# Backing up a 5th wheel



## 173abn82 (Feb 24, 2011)

I just got a f-350 full size with crew cab, 35' Durango. I am a little scared what I will look like at my first try at this kind of camping. Does anyone what the best way to practice, or is there a site to go to. I tried to practice on my own, but it takes so many tries.


----------



## charlieo (Mar 17, 2010)

I would ask your Honey to stand behind the unit with a walkie talkie (being visible in your mirror) and watch your backing. A pro semi driver told me "the longer the trailer the easier it is to back up".
I just went from a 23' travel trailer to a 35' class A so I am being very careful also.


----------



## artmart (Sep 21, 2010)

There is a phrase, "Practice makes perfect". Unfortunately that is NOT true. The phrase should be "Perfect practice makes perfect". I learned the hard and gentle way that depending on your wife who doesn't know how to back up a rig will not be able to tell you how to back up. On the other hand, since I've become more familiar with this, I can easily assist backing in someone else. The hardest thing to understand is to "obey and trust" your guidance because it will not make sense as you are doing it.

The most difficult thing to overcome and learn is over steering during backing up. Once you get the rig going the proper direction you must quickly correct the steering to follow the RV. Too many times we'll keep the steering wheels in the wrong direction and the RV will oversteer.

Start with an internet search of how-to's on backing up rigs (check Youtube). Concentrate on trailers not Motorhomes. The techniques are different enough to confuse you.

Then go to a large parking log and practice, practice and practice.
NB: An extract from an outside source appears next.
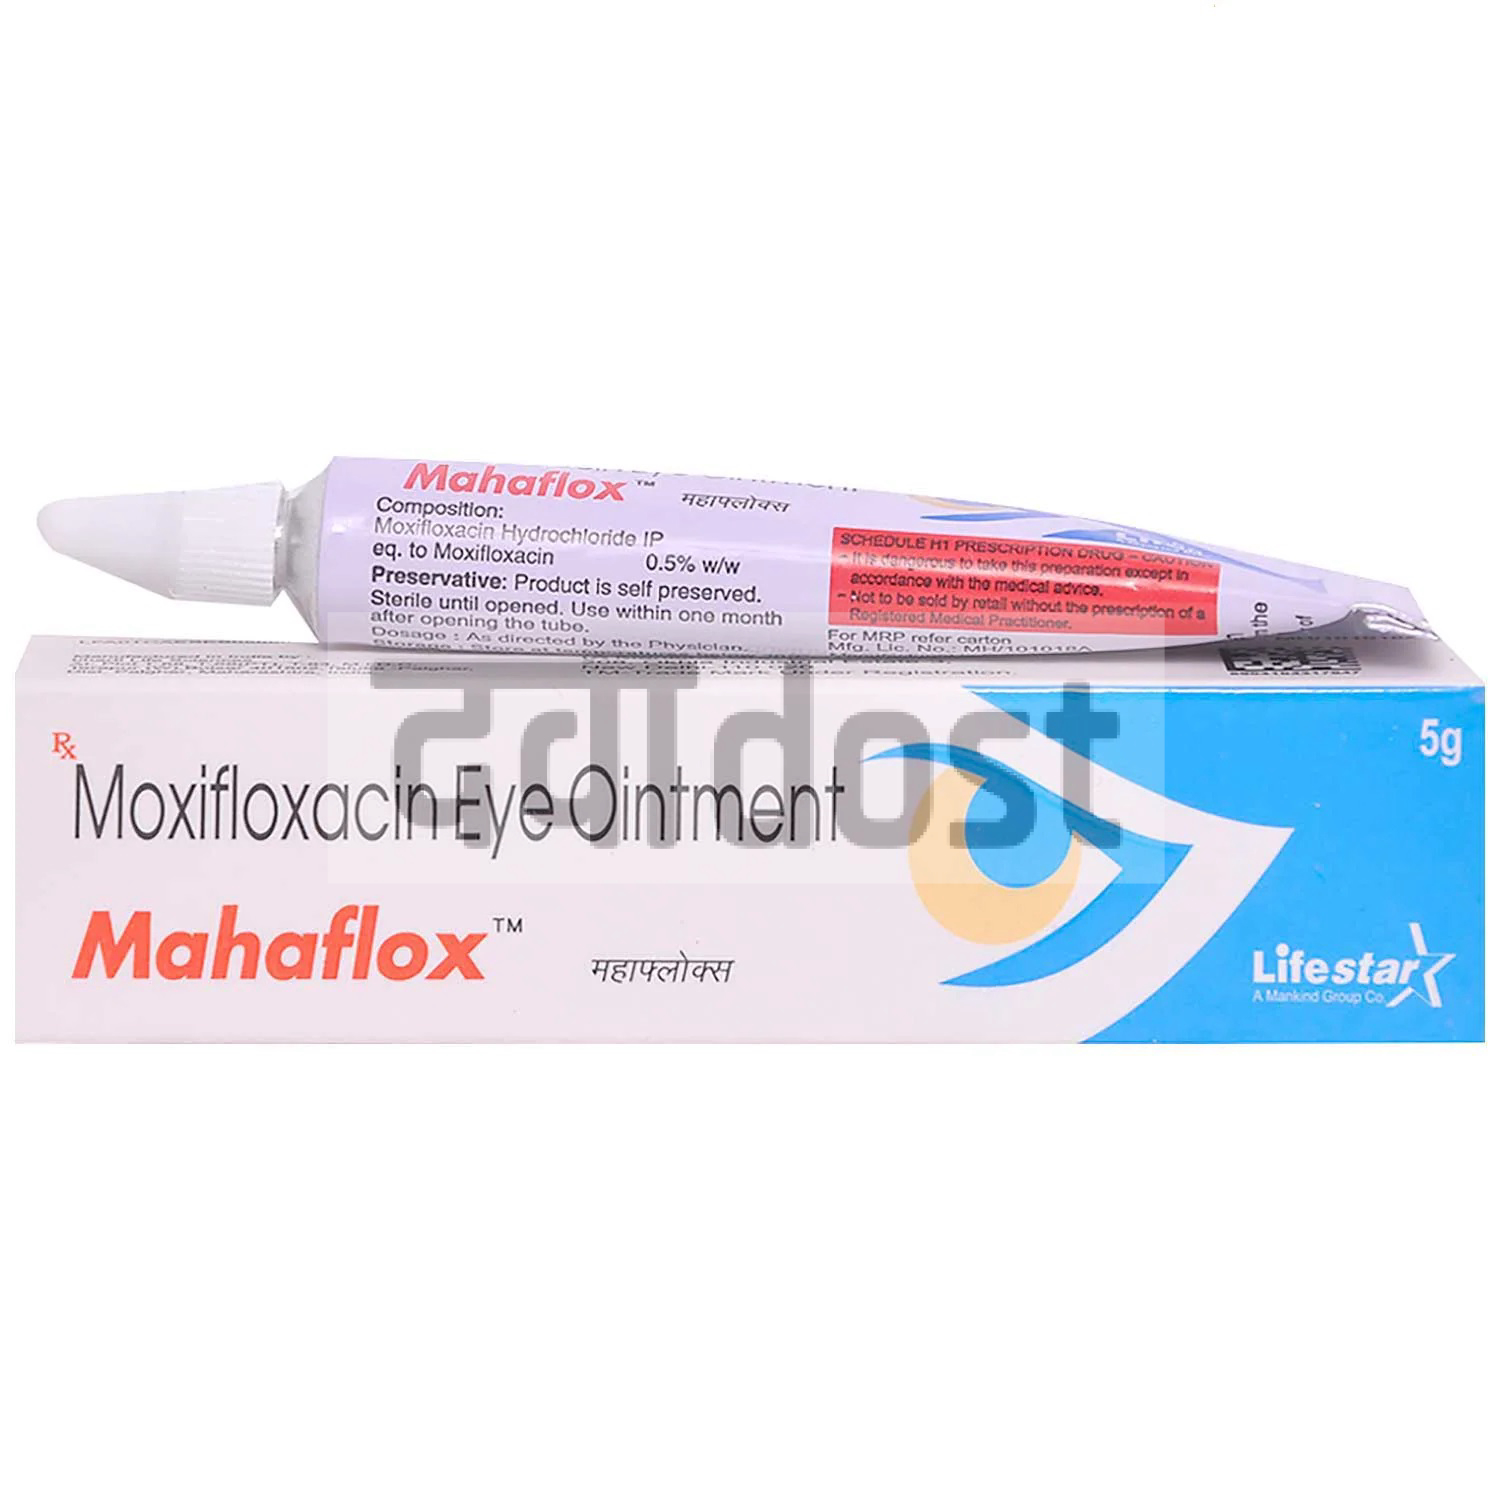 Mahaflox Eye Ointment

If you find you are constantly going outside the lines start correcting your oversteer SOONER! After you become comfortable, then the biggest task is to have you convince the wife to do the driving and then you do the directing. My wife still doesn't help, but one of these days......

One more thing. If you are turning into a parking space, the last thing to do is drive straight out a few feet, then backing straight back in. Your trailer suspension and tires will love you for this last step. Never park a trailer on a turn, then stop! Straightening out the trailer will correct the trailer suspension. This process is terribly hard on a trailer suspension and they are not intended to remain in this position for long durations. Trailers use straight axles and NO differentials so backing up on a turn (the trailer does the steering) is tough on the suspension and tires.

There are also RV membership rallys that offer training. If you belong to an RV club you might get wind of some of these.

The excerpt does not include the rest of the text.